» **TRY IT**:
Go to the line with "The Product Leadership" in the records below, then output it and each following line exactly, up to and including the line with "Panel Having a". Skip pictures and add nothing.

» **TASK DATA**:
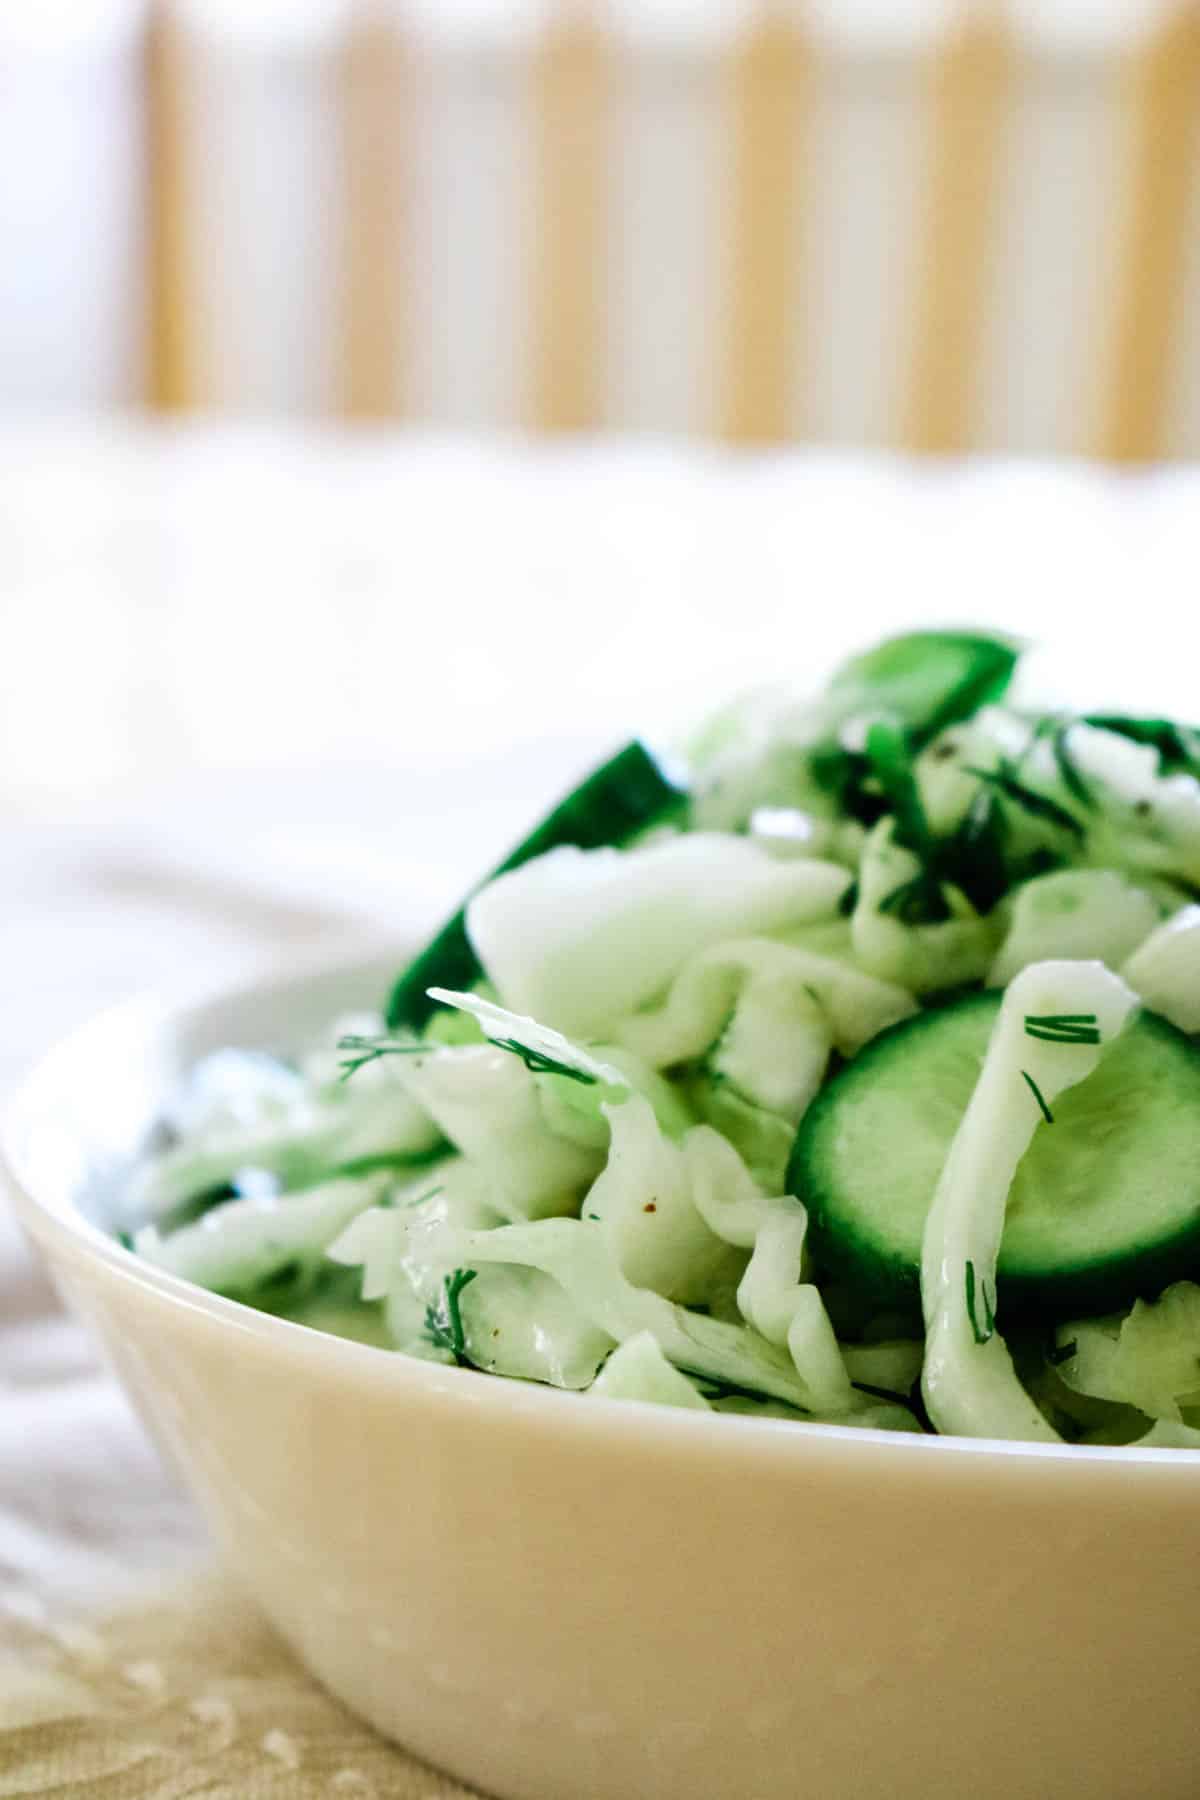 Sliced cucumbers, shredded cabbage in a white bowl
==
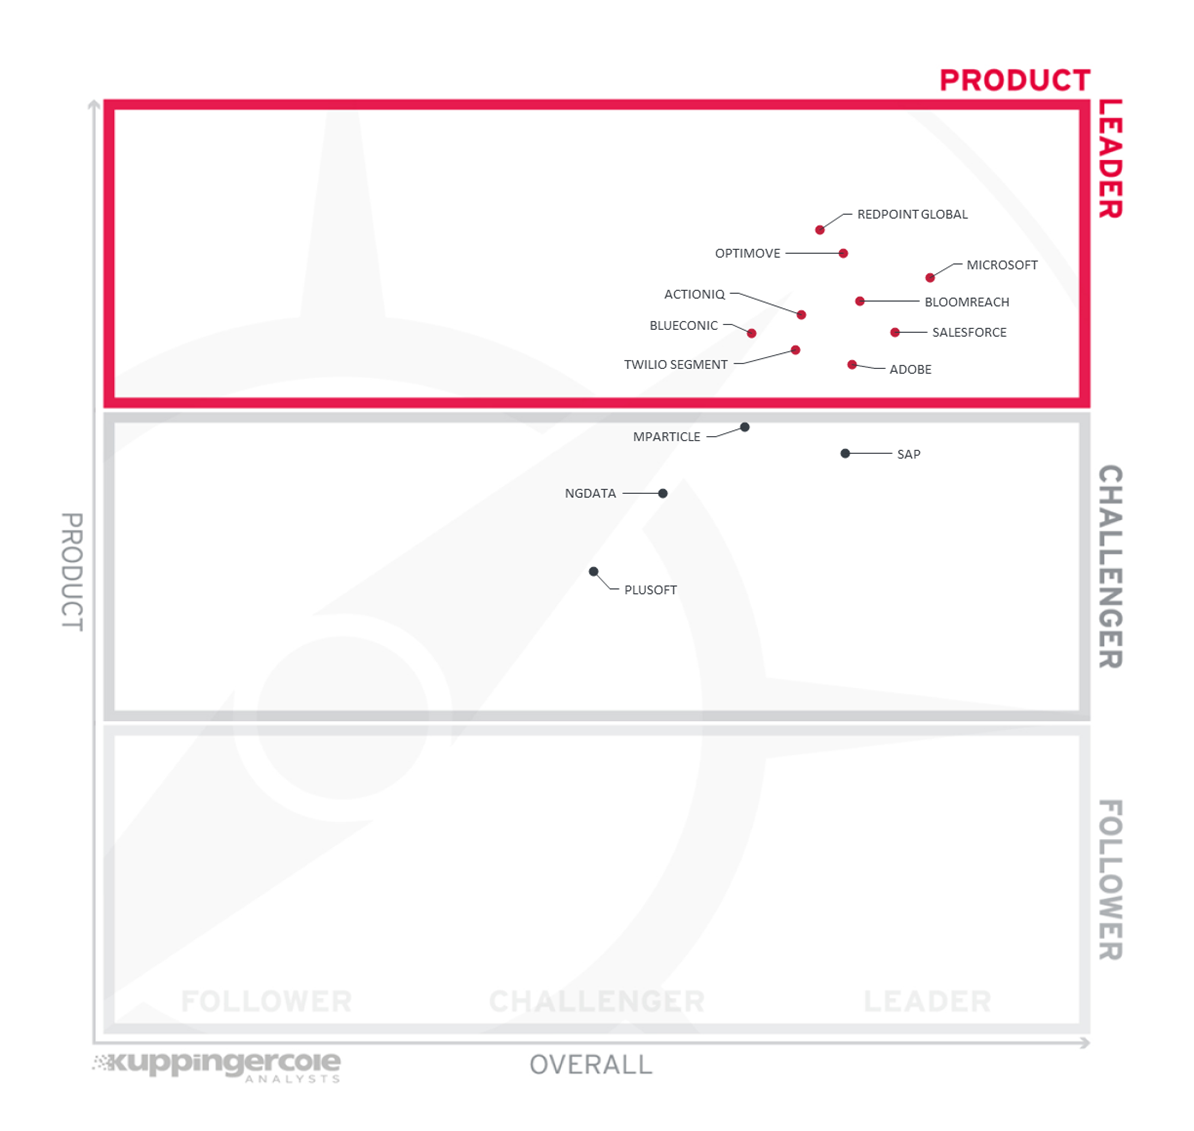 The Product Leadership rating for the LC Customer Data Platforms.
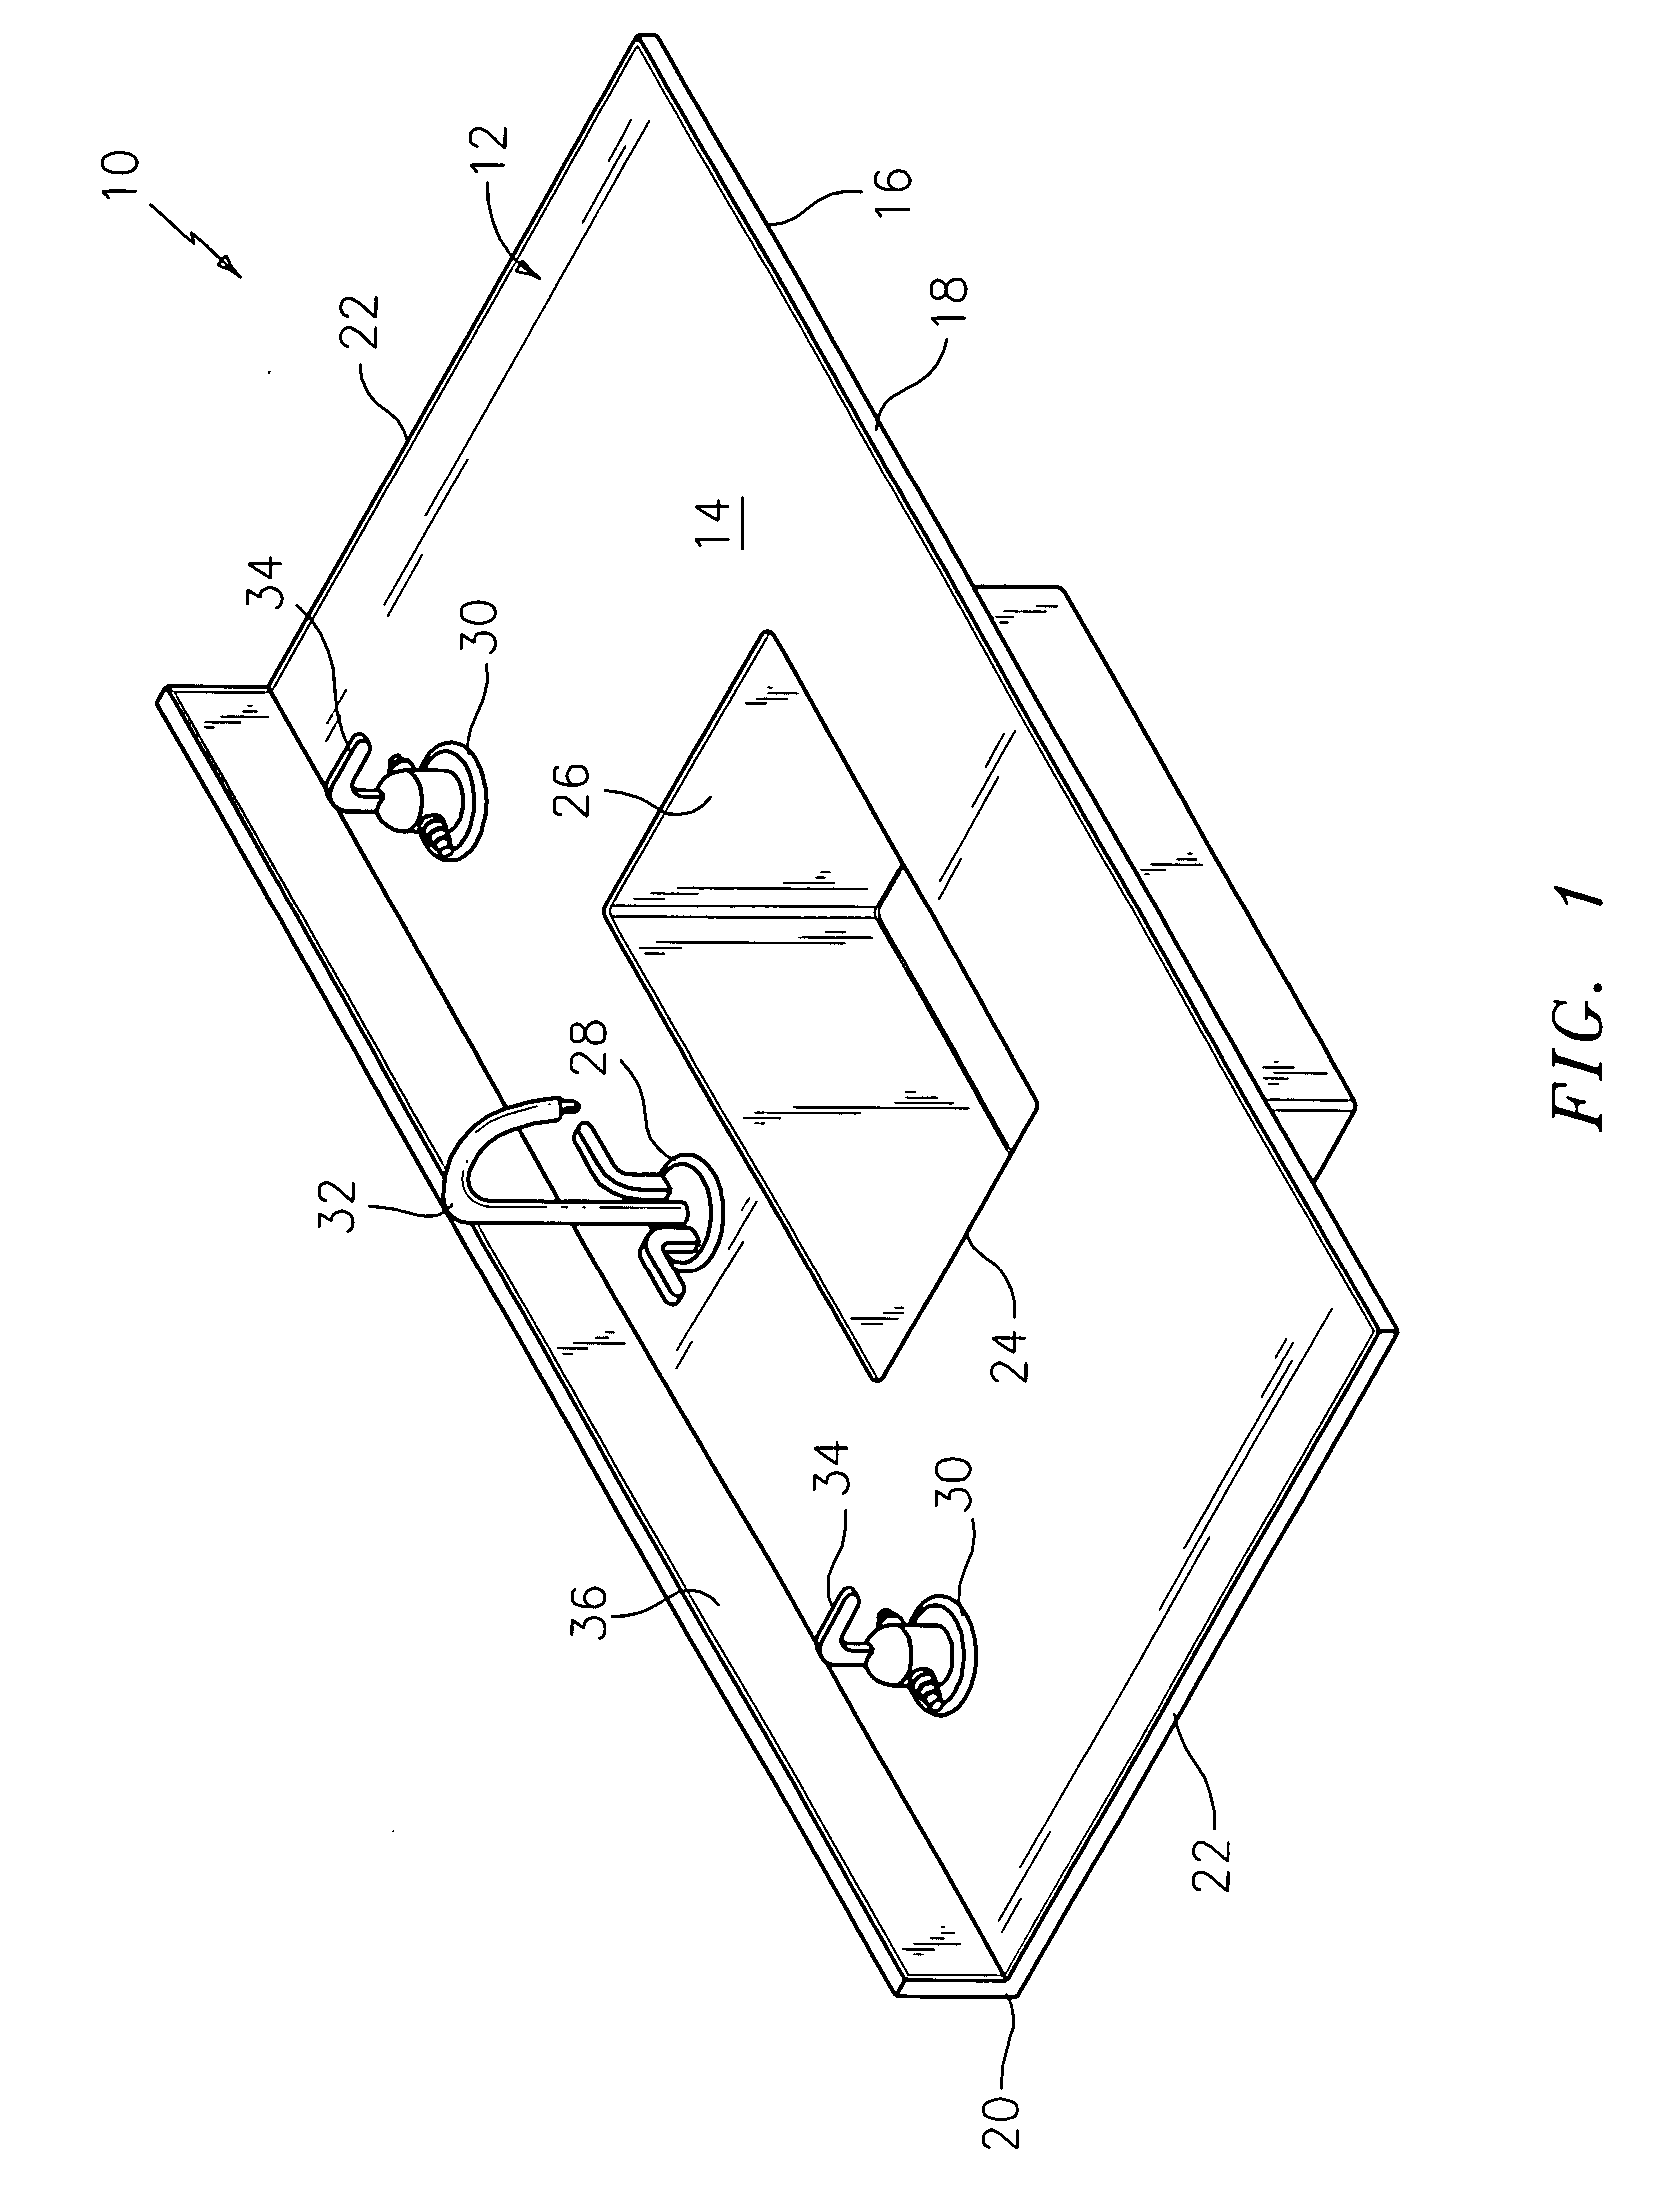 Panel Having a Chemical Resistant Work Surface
--
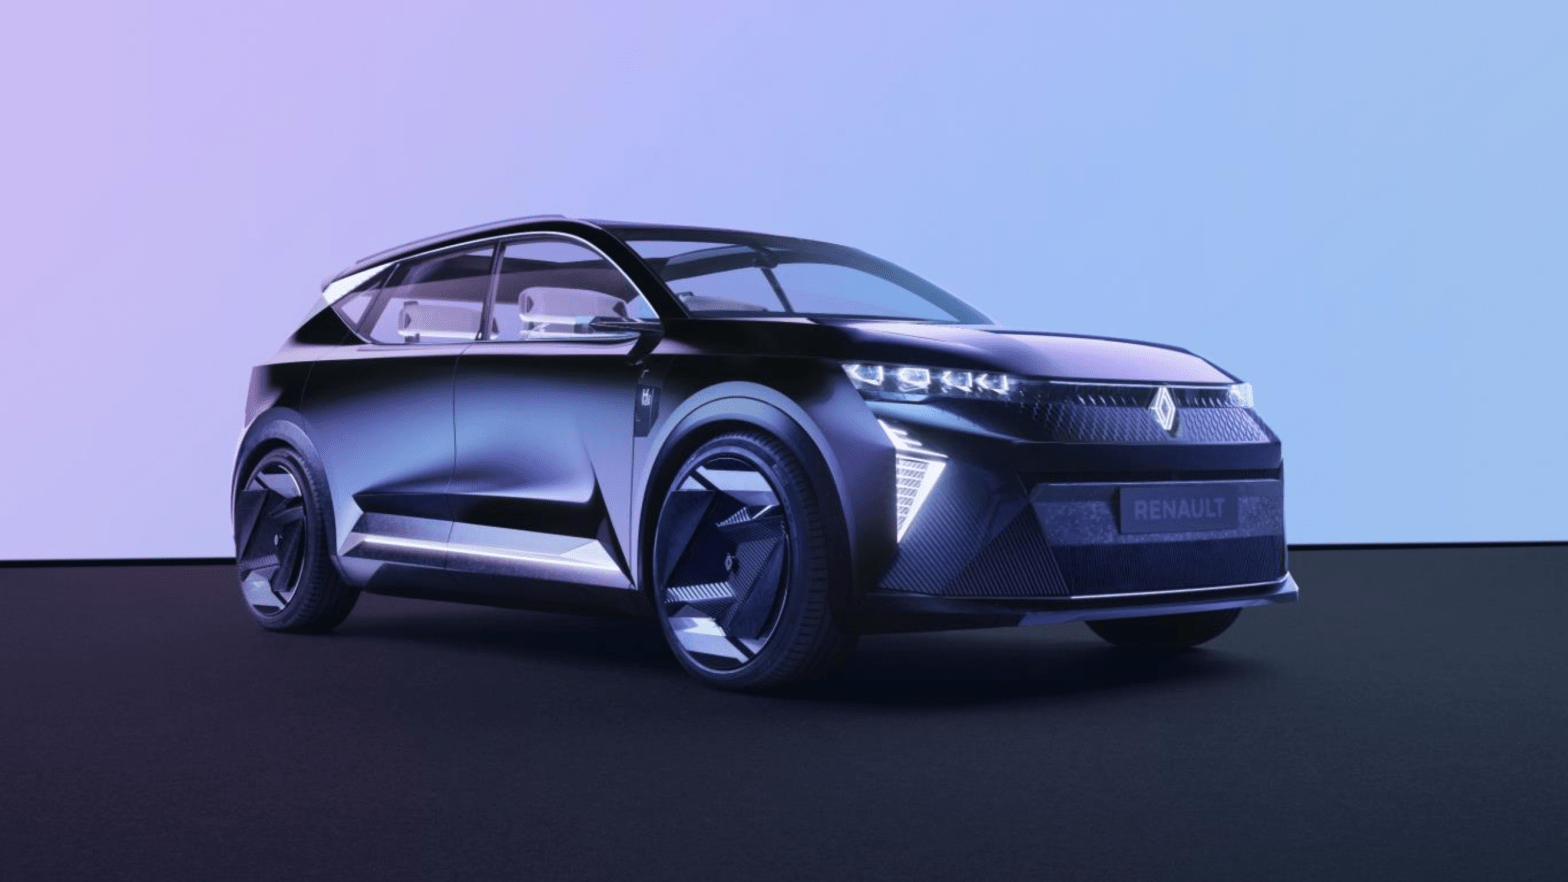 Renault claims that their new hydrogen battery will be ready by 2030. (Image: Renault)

» **EXERCISE OUTPUT**:
 The Product Leadership rating for the LC Customer Data Platforms.
 Panel Having a Chemical Resistant Work Surface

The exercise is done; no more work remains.